Every rational instinct urged Bilba to flee, to scramble back up the treacherous path to her cottage and bolt the door against whatever uncanny being had washed up on the shore.

 

She had heard the tales, of course—what Orcadian had not? Stories whispered around peat fires on cold nights, of the Finfolk who dwelled in their hidden realm of Finfolkaheem, sometimes venturing forth to claim unwary humans as slaves or spouses. 

 

Tales of their secret island of Eynhallow, which appeared from the mists only once a year, where ordinary mortals who set foot would find themselves trapped forever in its enchantments.

 

But the tales had never mentioned injured and helpless merfolk, cast ashore like flotsam.

 

The creature made another attempt to speak, and this time a sound emerged, a terrible, keening note that pierced the air like a blade of ice, causing Bilba to clap her hands over her ears in pain.

 

The cry hung in the mist for a moment before dissipating, leaving behind a silence more profound than before.

 

Then, with visible effort, the being raised one hand—long-fingered and webbed between the first joints—and pressed it against her own throat in frustration as she attempted to vocalise again.
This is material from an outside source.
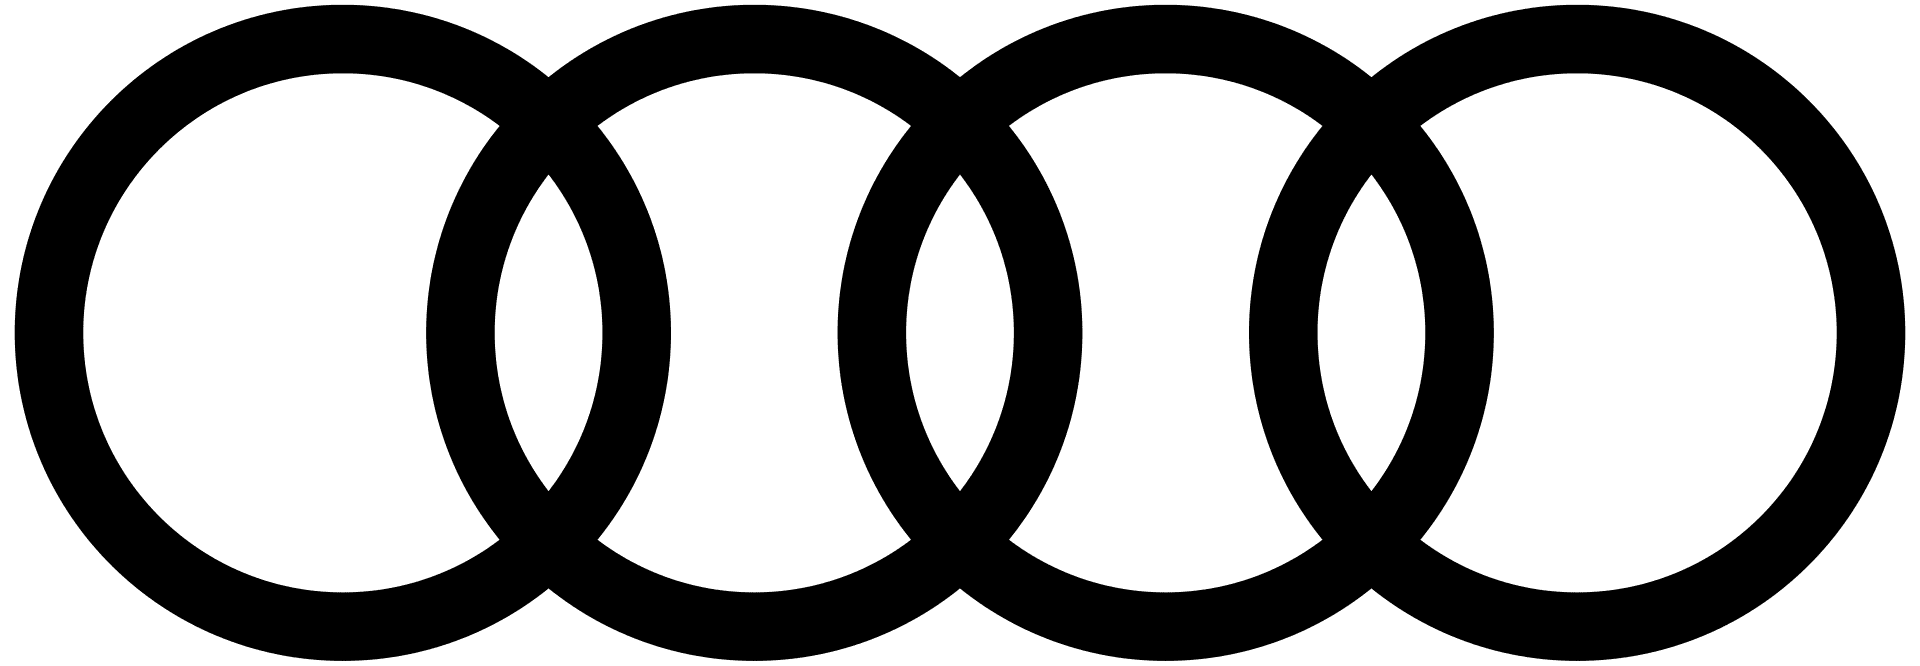 logo Audi  Audi logo, ? logo, Logos meaning

When she couldn’t, she extended it toward Bilba in what might have been supplication or threat.

 

Later, when registering this moment in her journal, Bilba would be unable to explain what compelled her next action. She was not, by nature, an impulsive woman. Her life had been one of careful consideration, of weighing consequences against desires and invariably choosing the path of prudence. Perhaps it was the creature's eyes, which despite their alien nature conveyed a desperation that transcended the boundaries of species. 

 

Or perhaps it was simply that Bilba, who had spent a lifetime feeling herself unlike those around her, recognized in this otherworldly being a kindred spirit.

 

Whatever the cause, she reached out and took the offered hand.

 

The skin was cool but not cold, slick but not slimy, and possessed a subtle texture like the finest kid leather with a faint underlying pattern reminiscent of scales. The creature's grip tightened immediately, with surprising strength considering her apparent condition.

 

“I... I will help you”, Bilba promised. “Though I confess I know not how”.